**WHAT YOU NEED TO DO:**
Using the material below, repeat exactly the lines from the one with "earth auger augers" through the one with "En åker med", ends included, without any images.

**RECORDS FOR THIS TASK:**

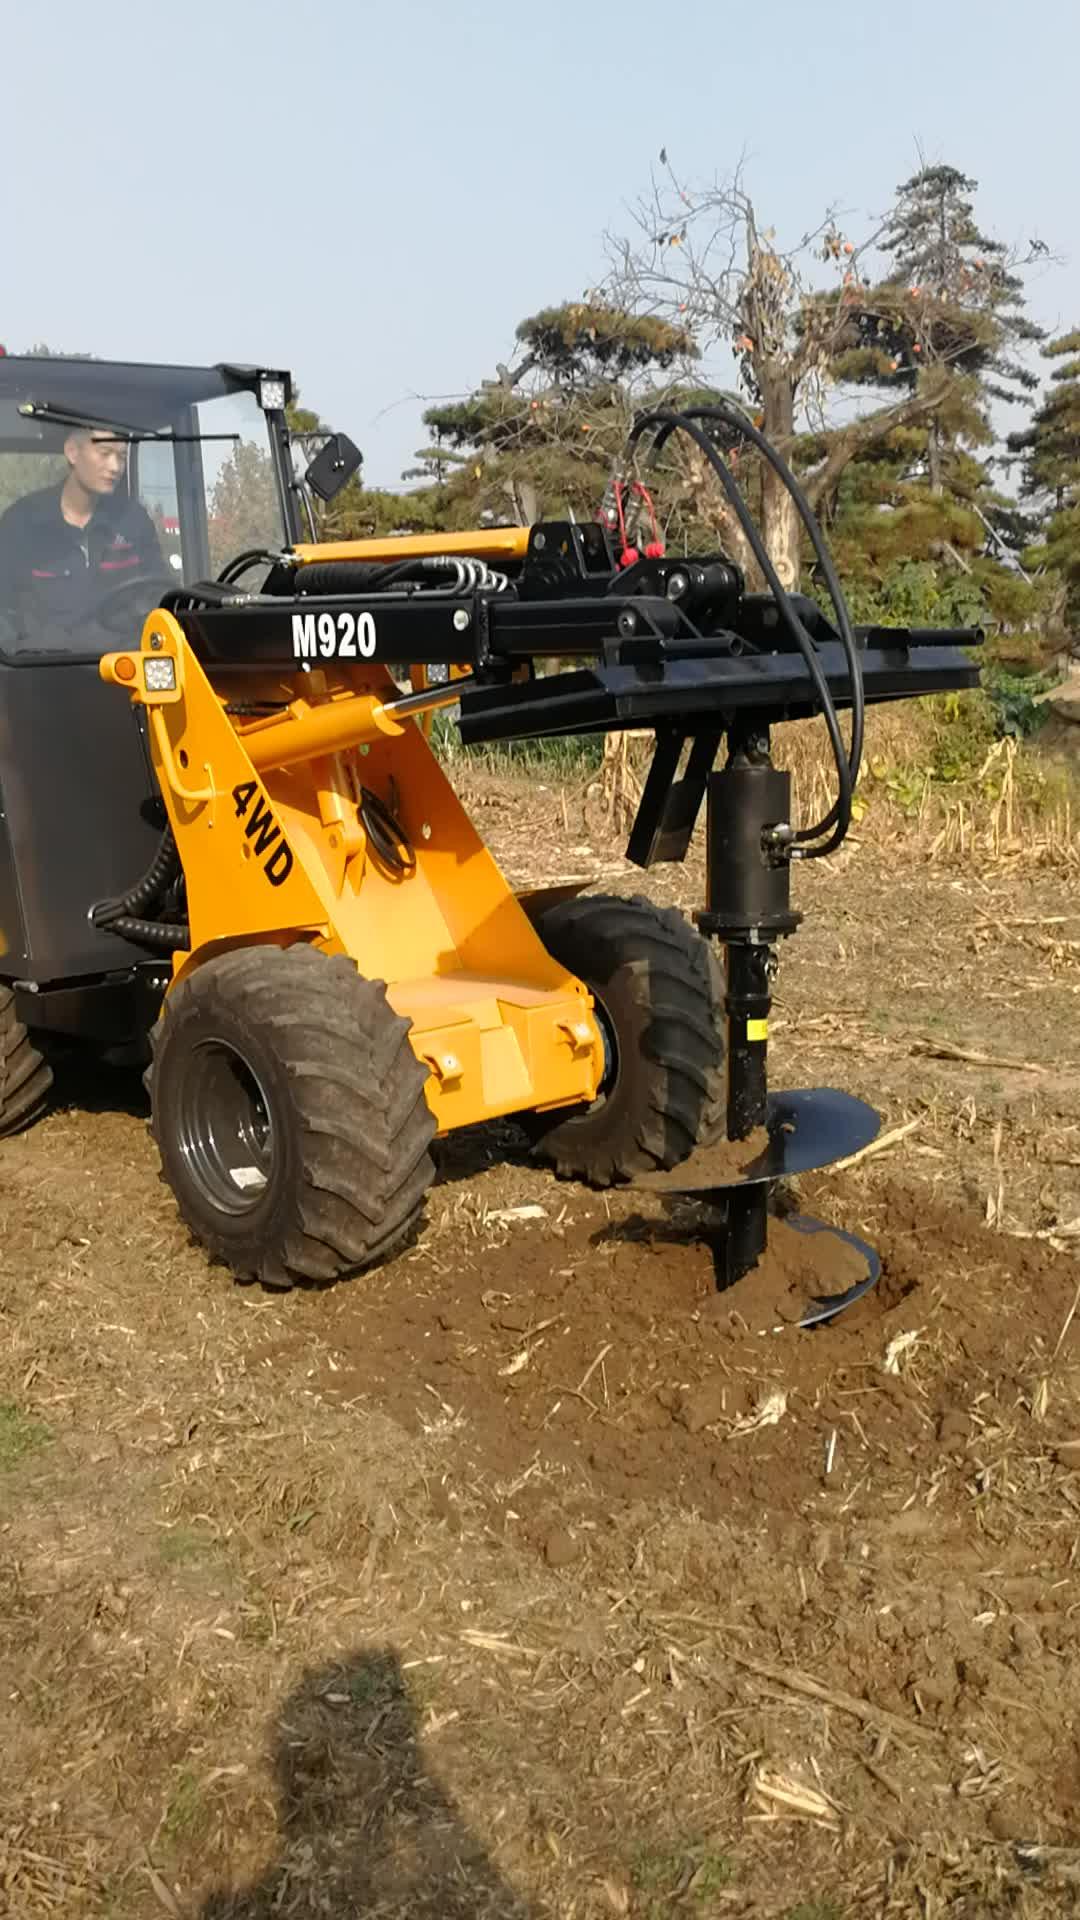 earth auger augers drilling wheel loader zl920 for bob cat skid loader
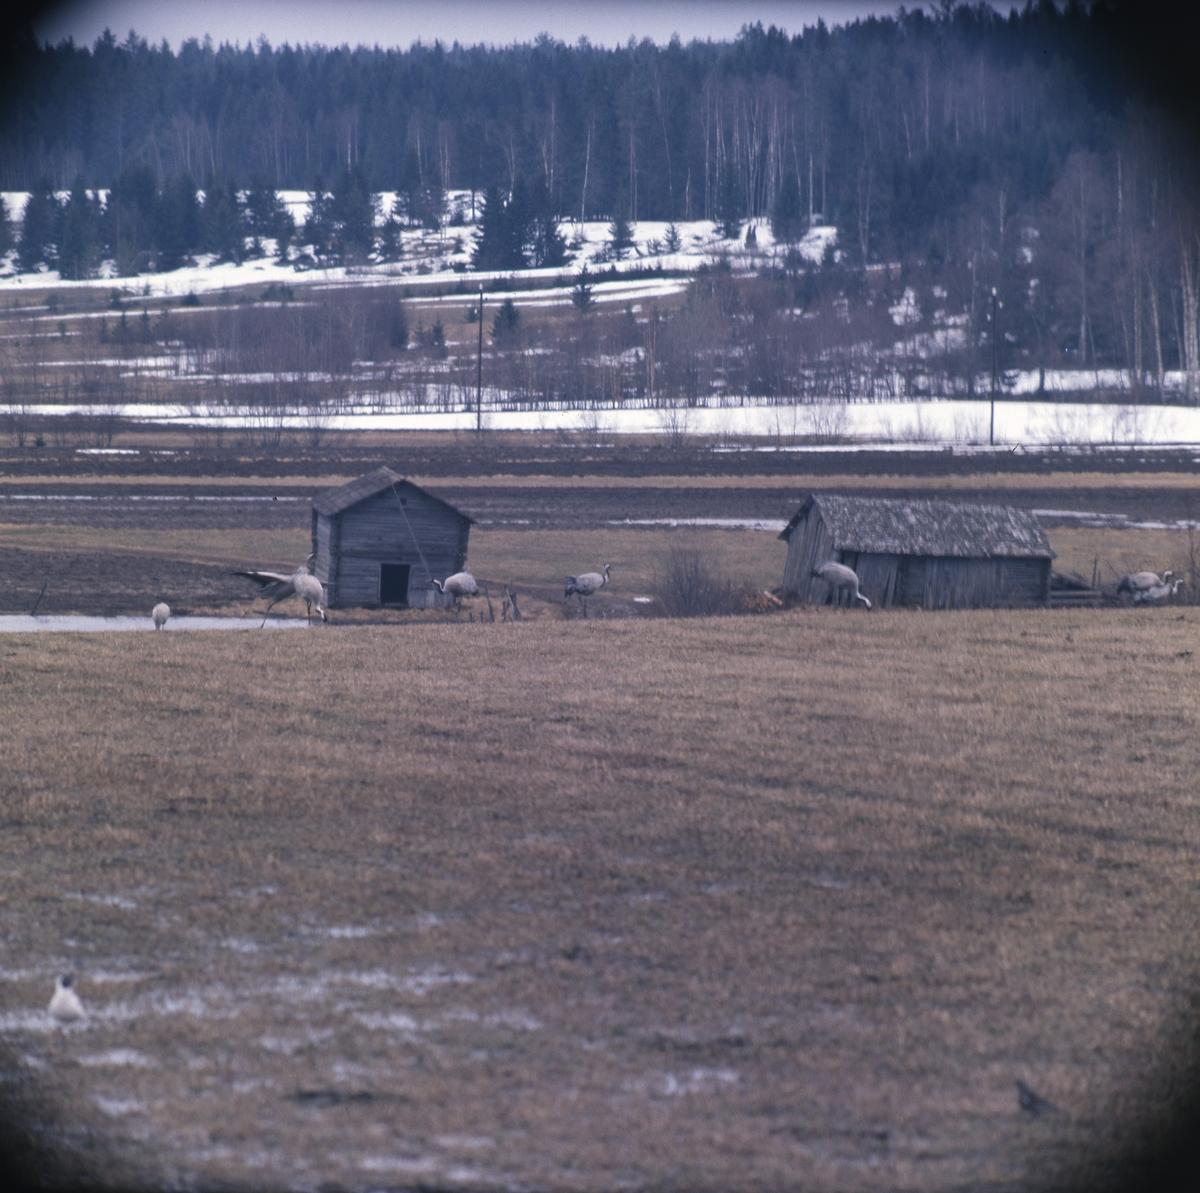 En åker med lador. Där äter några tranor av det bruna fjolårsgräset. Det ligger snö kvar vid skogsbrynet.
---
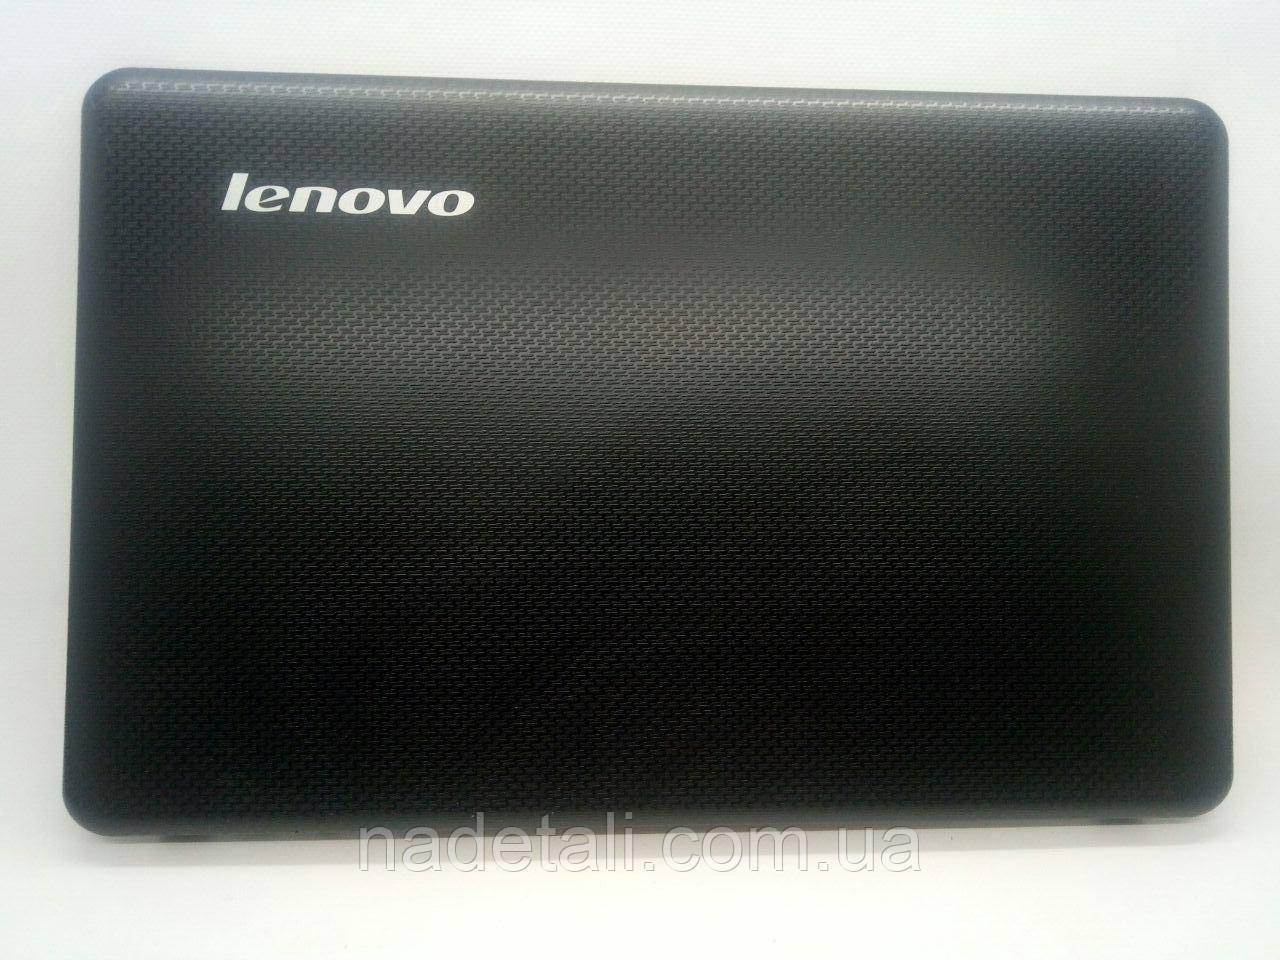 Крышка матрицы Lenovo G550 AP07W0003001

**TASK RESPONSE:**
 earth auger augers drilling wheel loader zl920 for bob cat skid loader
 En åker med lador. Där äter några tranor av det bruna fjolårsgräset. Det ligger snö kvar vid skogsbrynet.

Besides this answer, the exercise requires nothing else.